Stored items from a collection
_ _ _

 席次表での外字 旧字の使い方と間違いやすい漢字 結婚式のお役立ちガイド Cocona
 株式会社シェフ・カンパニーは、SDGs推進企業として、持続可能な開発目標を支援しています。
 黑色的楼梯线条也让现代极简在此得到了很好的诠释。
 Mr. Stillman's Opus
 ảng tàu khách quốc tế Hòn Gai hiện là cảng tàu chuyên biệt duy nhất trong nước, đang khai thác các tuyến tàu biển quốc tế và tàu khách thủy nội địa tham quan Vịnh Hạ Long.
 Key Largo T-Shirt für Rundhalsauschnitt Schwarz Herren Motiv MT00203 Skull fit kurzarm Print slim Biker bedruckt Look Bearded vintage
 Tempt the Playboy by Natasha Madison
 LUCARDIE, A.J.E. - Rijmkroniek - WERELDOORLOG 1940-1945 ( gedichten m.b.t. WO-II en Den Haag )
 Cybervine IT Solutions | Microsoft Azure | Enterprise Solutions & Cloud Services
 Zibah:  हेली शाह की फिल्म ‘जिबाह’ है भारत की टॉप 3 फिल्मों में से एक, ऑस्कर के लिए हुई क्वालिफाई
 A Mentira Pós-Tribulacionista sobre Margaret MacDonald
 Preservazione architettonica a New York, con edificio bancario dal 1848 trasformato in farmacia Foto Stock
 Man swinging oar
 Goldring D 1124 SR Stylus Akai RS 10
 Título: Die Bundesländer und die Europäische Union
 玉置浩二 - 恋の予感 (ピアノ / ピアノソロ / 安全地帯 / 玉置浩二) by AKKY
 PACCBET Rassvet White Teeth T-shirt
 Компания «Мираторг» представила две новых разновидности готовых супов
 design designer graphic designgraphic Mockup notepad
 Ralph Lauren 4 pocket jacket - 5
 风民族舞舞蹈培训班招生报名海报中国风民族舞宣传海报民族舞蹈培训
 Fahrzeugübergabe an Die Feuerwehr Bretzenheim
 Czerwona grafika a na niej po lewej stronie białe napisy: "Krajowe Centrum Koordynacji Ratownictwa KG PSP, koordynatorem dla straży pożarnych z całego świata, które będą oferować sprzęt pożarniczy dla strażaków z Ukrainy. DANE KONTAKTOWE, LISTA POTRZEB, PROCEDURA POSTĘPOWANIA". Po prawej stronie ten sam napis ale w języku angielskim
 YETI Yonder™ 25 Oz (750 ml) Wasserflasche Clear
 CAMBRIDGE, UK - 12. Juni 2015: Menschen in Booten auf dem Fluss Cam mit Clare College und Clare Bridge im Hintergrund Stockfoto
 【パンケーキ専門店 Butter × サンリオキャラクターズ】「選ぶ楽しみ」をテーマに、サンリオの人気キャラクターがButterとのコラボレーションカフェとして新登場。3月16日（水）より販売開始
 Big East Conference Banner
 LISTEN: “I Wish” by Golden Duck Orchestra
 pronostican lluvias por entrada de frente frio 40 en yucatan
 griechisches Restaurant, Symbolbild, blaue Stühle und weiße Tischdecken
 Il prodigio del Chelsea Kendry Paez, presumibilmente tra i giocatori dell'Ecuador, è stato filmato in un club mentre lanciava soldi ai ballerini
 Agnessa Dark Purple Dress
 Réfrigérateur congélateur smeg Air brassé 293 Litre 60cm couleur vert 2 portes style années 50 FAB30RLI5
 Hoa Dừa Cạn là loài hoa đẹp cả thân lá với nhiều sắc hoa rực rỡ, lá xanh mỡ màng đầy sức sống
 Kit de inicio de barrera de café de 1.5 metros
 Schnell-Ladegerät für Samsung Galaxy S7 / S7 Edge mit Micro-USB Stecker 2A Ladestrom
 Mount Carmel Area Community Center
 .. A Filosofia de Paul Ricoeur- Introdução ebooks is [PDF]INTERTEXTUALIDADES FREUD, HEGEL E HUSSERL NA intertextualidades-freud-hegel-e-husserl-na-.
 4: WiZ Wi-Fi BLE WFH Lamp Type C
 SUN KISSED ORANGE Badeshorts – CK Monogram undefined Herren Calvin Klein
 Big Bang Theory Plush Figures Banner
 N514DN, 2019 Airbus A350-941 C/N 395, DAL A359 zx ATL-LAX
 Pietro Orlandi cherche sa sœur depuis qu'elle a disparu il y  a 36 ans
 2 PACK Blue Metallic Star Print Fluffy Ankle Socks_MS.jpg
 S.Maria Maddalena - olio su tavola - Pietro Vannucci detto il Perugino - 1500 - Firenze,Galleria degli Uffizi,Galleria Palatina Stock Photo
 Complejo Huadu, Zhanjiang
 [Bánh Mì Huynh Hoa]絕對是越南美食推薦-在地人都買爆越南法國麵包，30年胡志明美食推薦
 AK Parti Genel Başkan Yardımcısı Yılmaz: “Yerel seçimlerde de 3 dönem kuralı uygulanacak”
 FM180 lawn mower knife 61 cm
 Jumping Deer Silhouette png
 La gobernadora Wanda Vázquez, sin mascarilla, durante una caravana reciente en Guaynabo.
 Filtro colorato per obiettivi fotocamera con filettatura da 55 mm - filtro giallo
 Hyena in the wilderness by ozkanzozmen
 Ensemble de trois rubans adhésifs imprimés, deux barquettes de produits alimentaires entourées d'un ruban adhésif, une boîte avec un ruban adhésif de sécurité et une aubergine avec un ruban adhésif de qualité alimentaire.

_ _ _

Take the line with "N514DN, 2019 Airbus" and all lines after it through the end of the records, and write them out exactly; include nothing else.

> Answer section:
 N514DN, 2019 Airbus A350-941 C/N 395, DAL A359 zx ATL-LAX
 Pietro Orlandi cherche sa sœur depuis qu'elle a disparu il y  a 36 ans
 2 PACK Blue Metallic Star Print Fluffy Ankle Socks_MS.jpg
 S.Maria Maddalena - olio su tavola - Pietro Vannucci detto il Perugino - 1500 - Firenze,Galleria degli Uffizi,Galleria Palatina Stock Photo
 Complejo Huadu, Zhanjiang
 [Bánh Mì Huynh Hoa]絕對是越南美食推薦-在地人都買爆越南法國麵包，30年胡志明美食推薦
 AK Parti Genel Başkan Yardımcısı Yılmaz: “Yerel seçimlerde de 3 dönem kuralı uygulanacak”
 FM180 lawn mower knife 61 cm
 Jumping Deer Silhouette png
 La gobernadora Wanda Vázquez, sin mascarilla, durante una caravana reciente en Guaynabo.
 Filtro colorato per obiettivi fotocamera con filettatura da 55 mm - filtro giallo
 Hyena in the wilderness by ozkanzozmen
 Ensemble de trois rubans adhésifs imprimés, deux barquettes de produits alimentaires entourées d'un ruban adhésif, une boîte avec un ruban adhésif de sécurité et une aubergine avec un ruban adhésif de qualité alimentaire.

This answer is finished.